Would you transcribe exactly the lines from the one containing "Carroll Shelby Wheels" to the last line of the data below, both ends included, but none of the pictures?

▸ **DATA SECTION**:

= Beginning of Section =

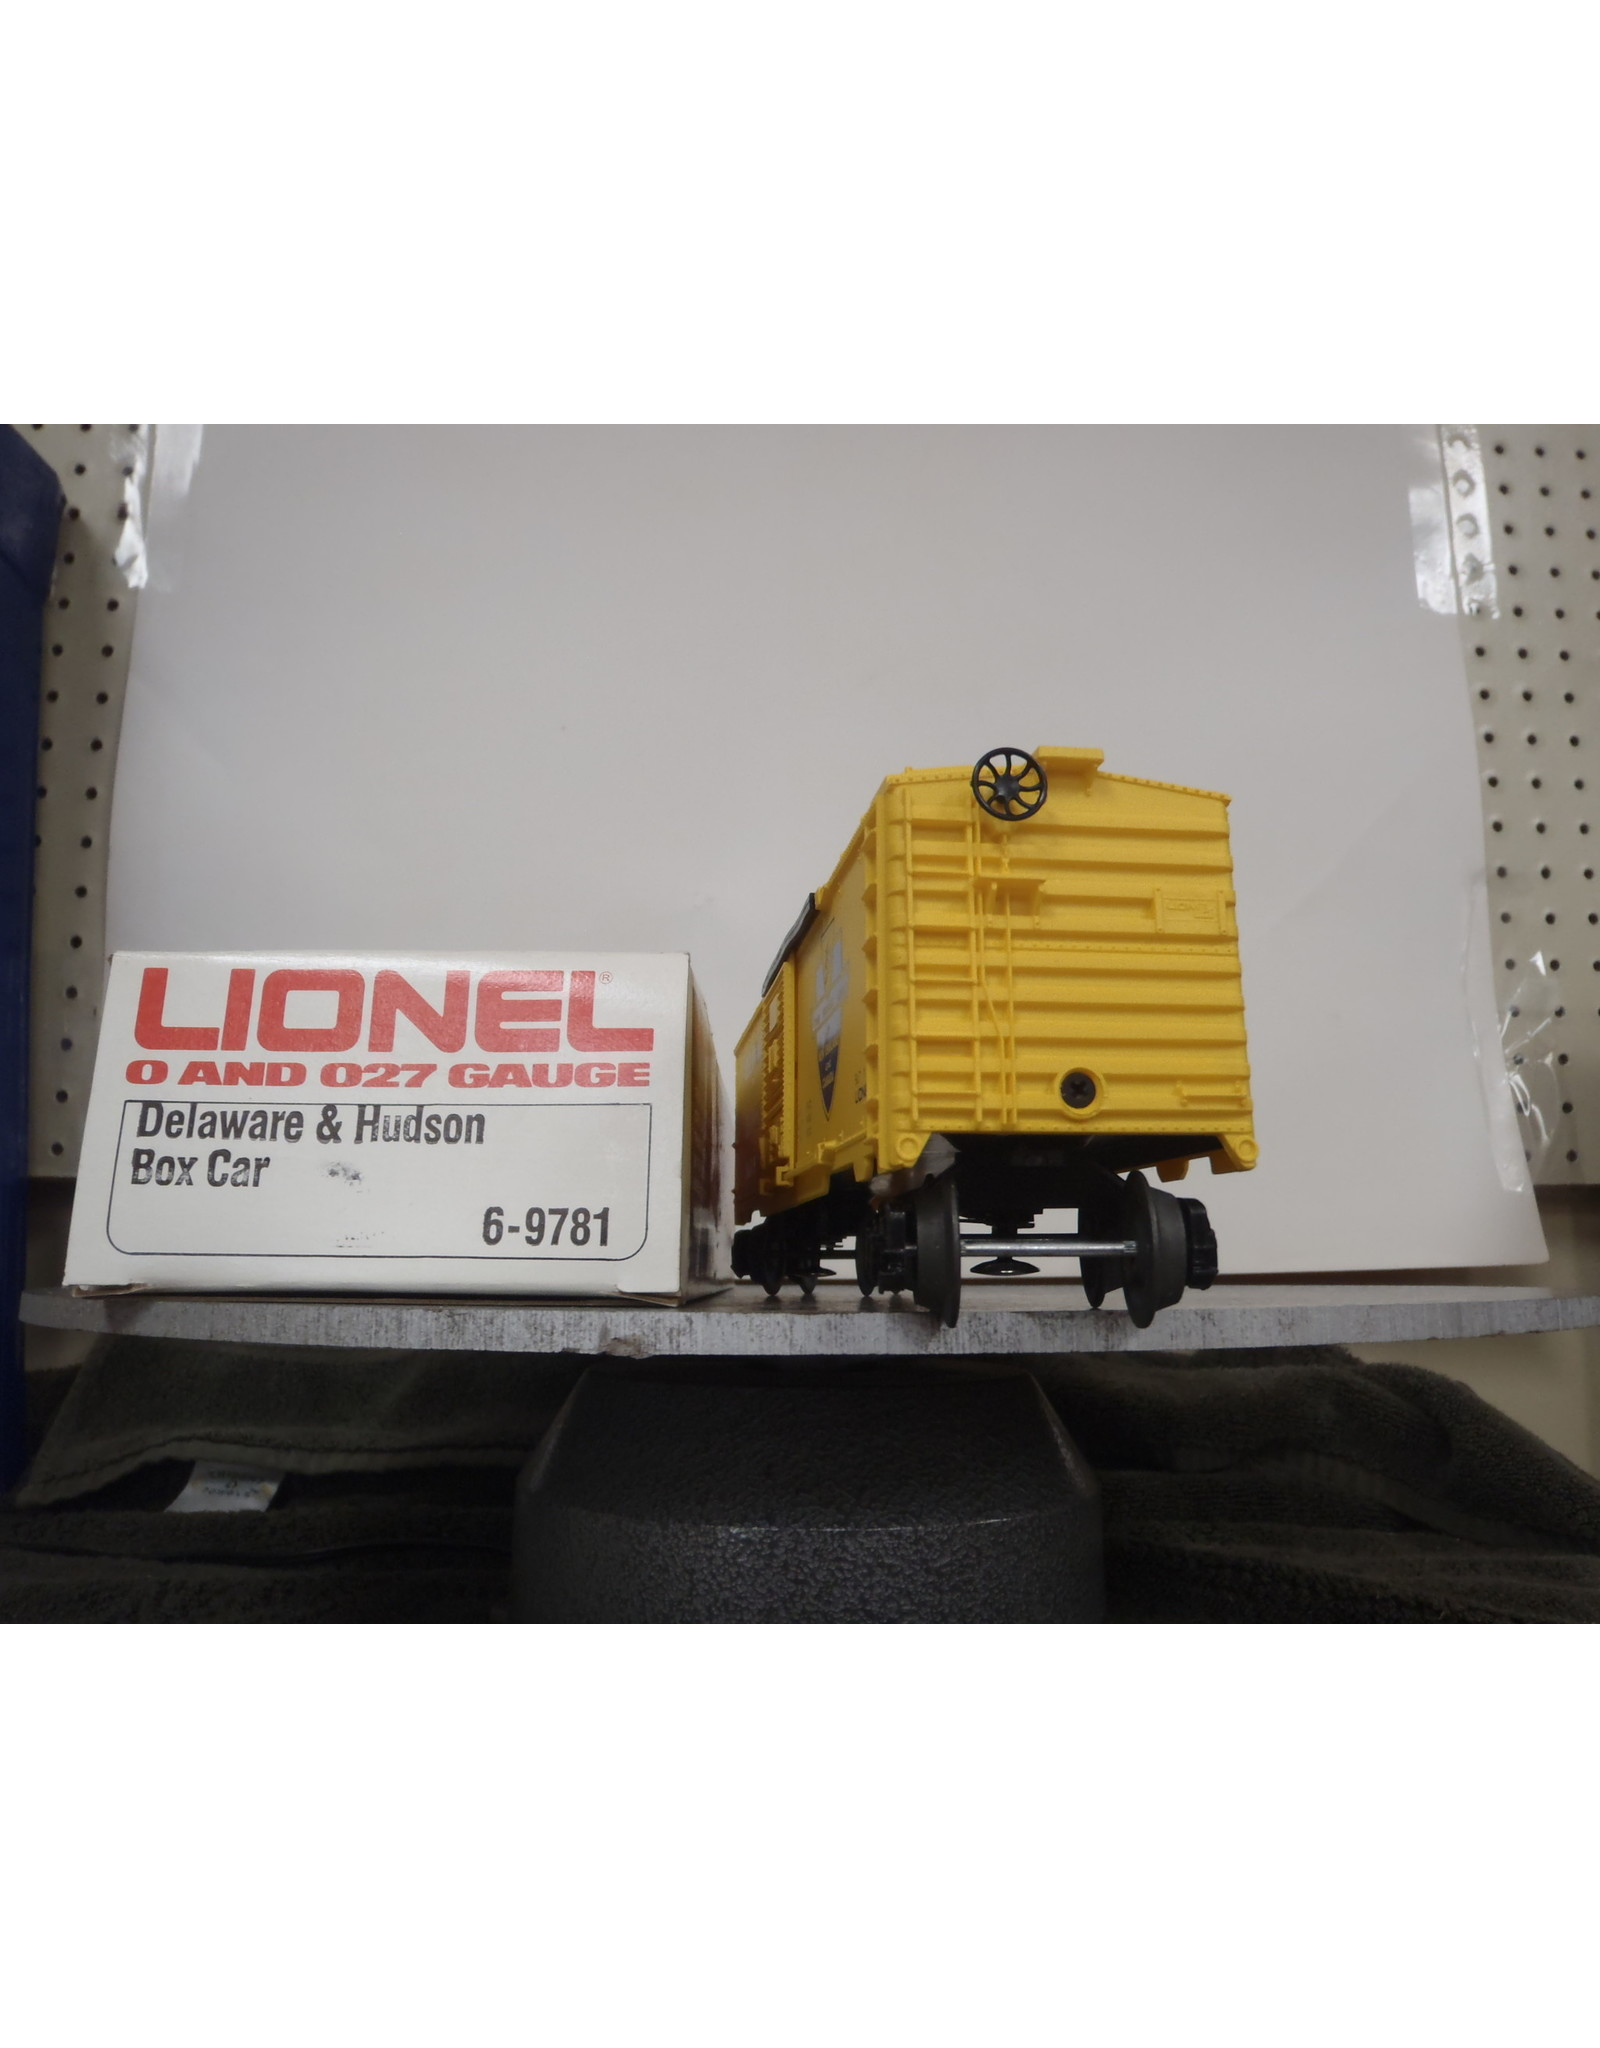 Lionel Boxcar Delaware and Hudson 9781
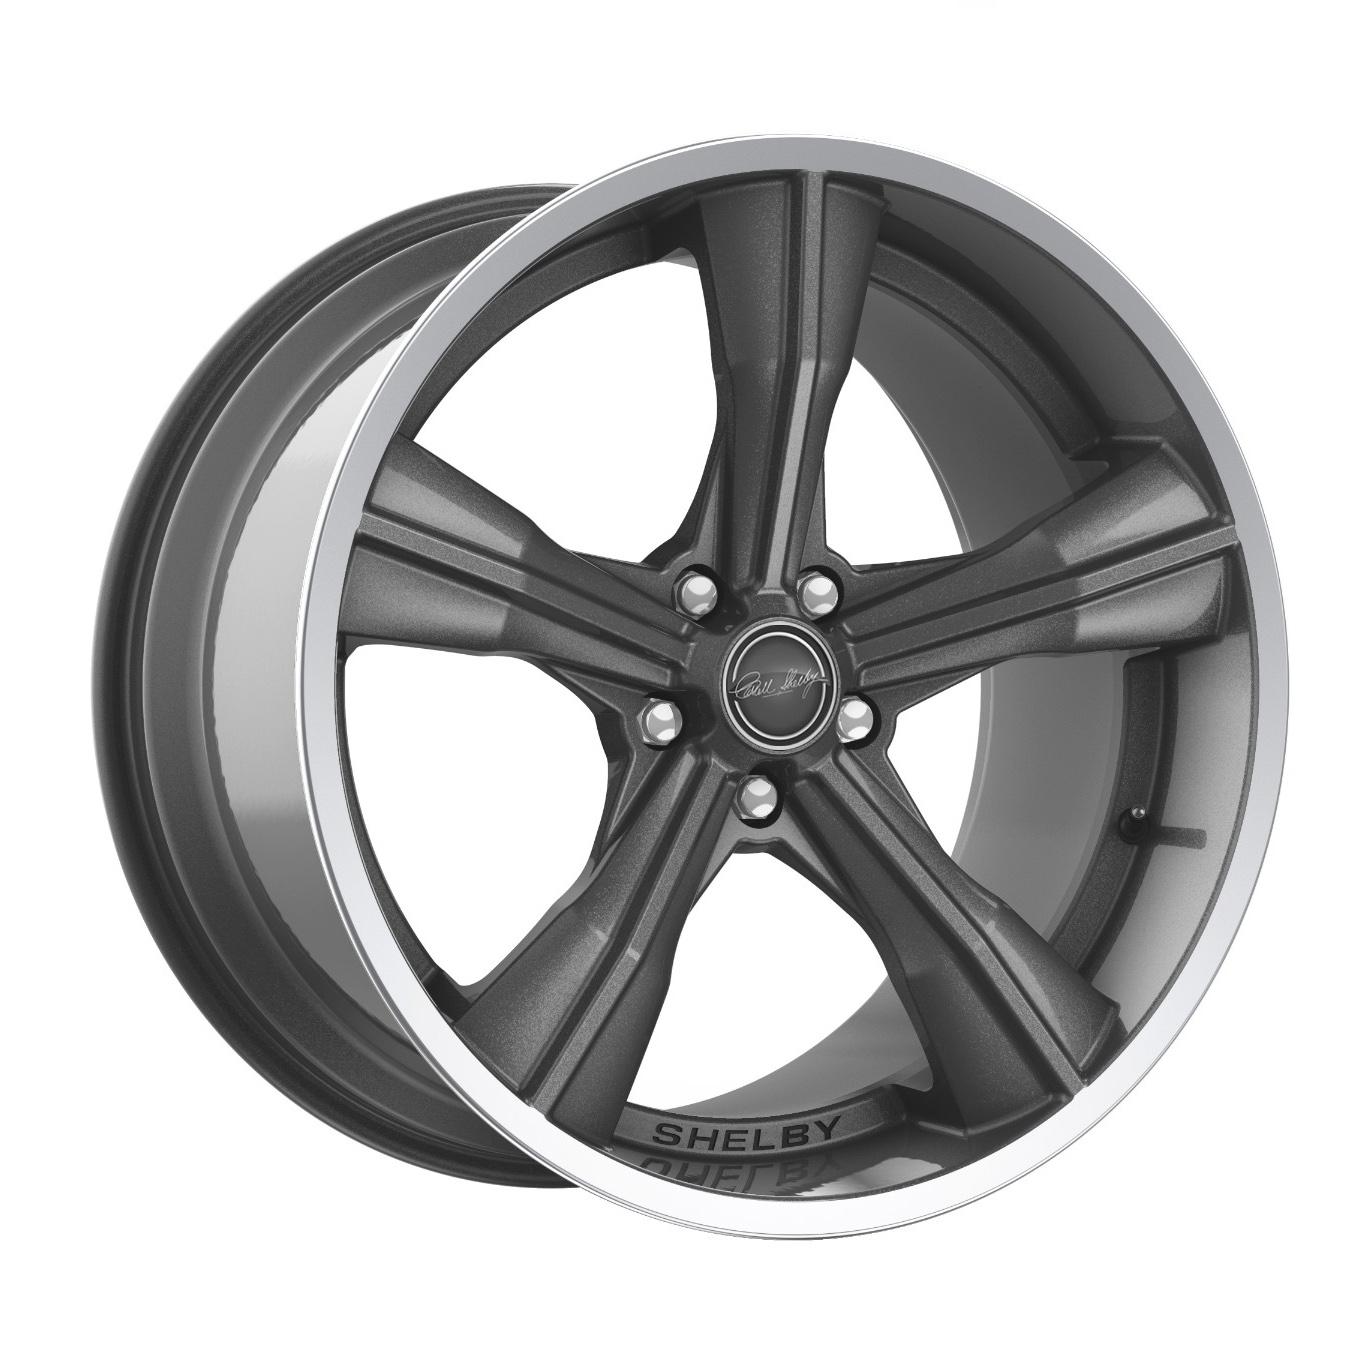 Carroll Shelby Wheels CS 11 - Gunmetal w/Polished Lip Rim
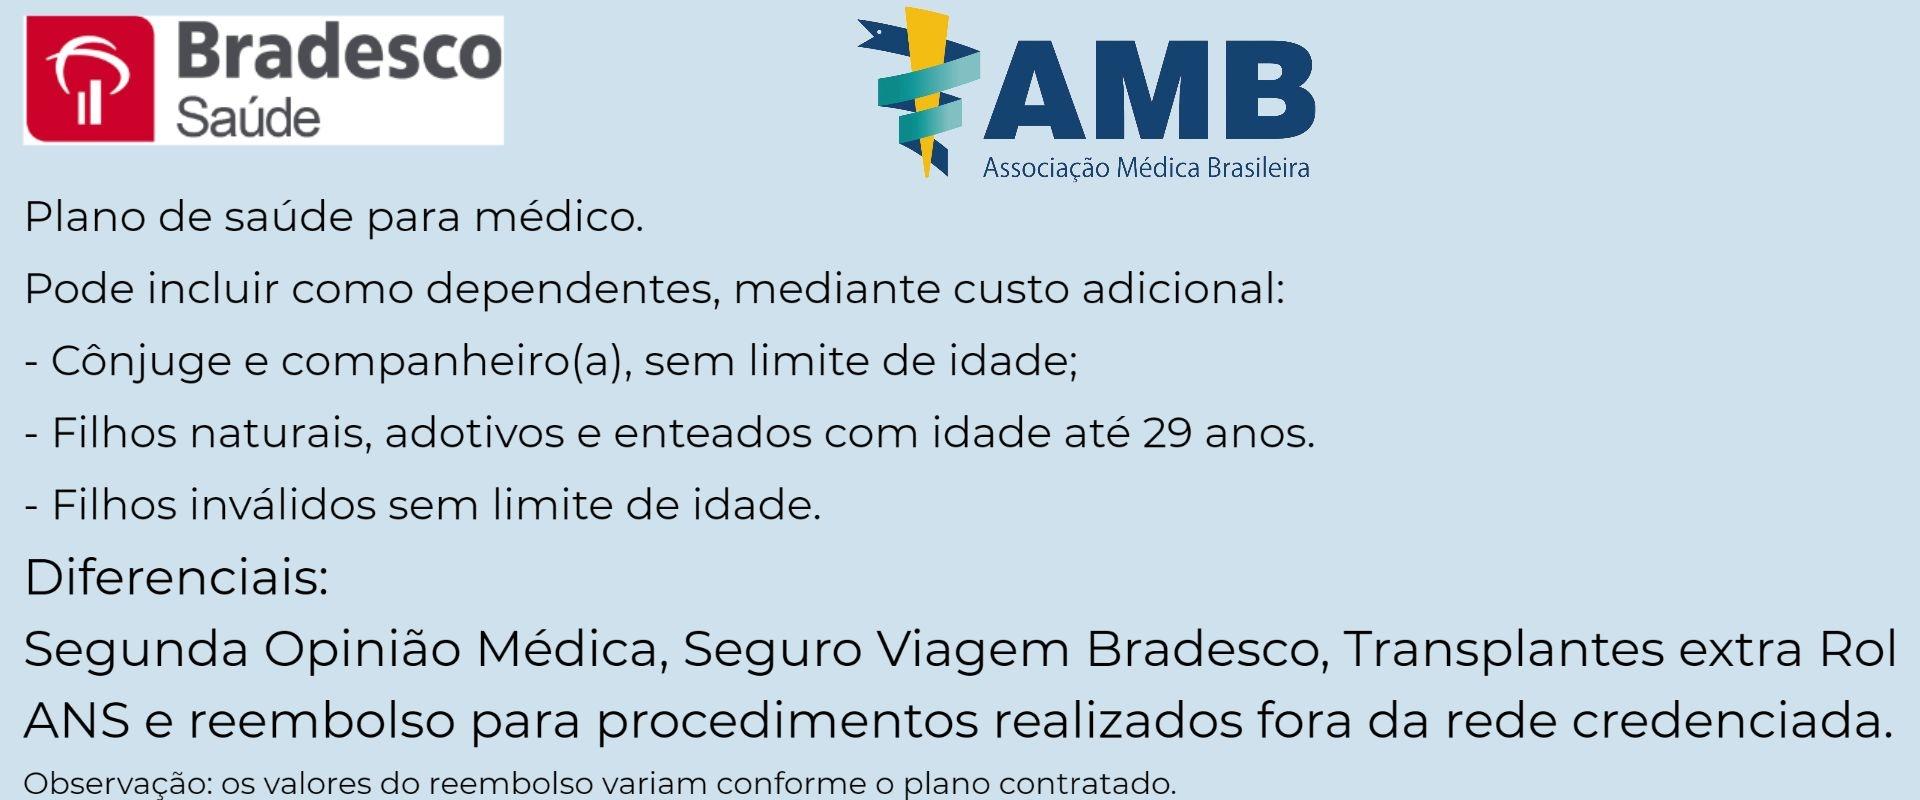 Bradesco Saúde AMB-ES

= End of Section =

▸ **ANSWER TO THIS PROBLEM**:
 Carroll Shelby Wheels CS 11 - Gunmetal w/Polished Lip Rim
 Bradesco Saúde AMB-ES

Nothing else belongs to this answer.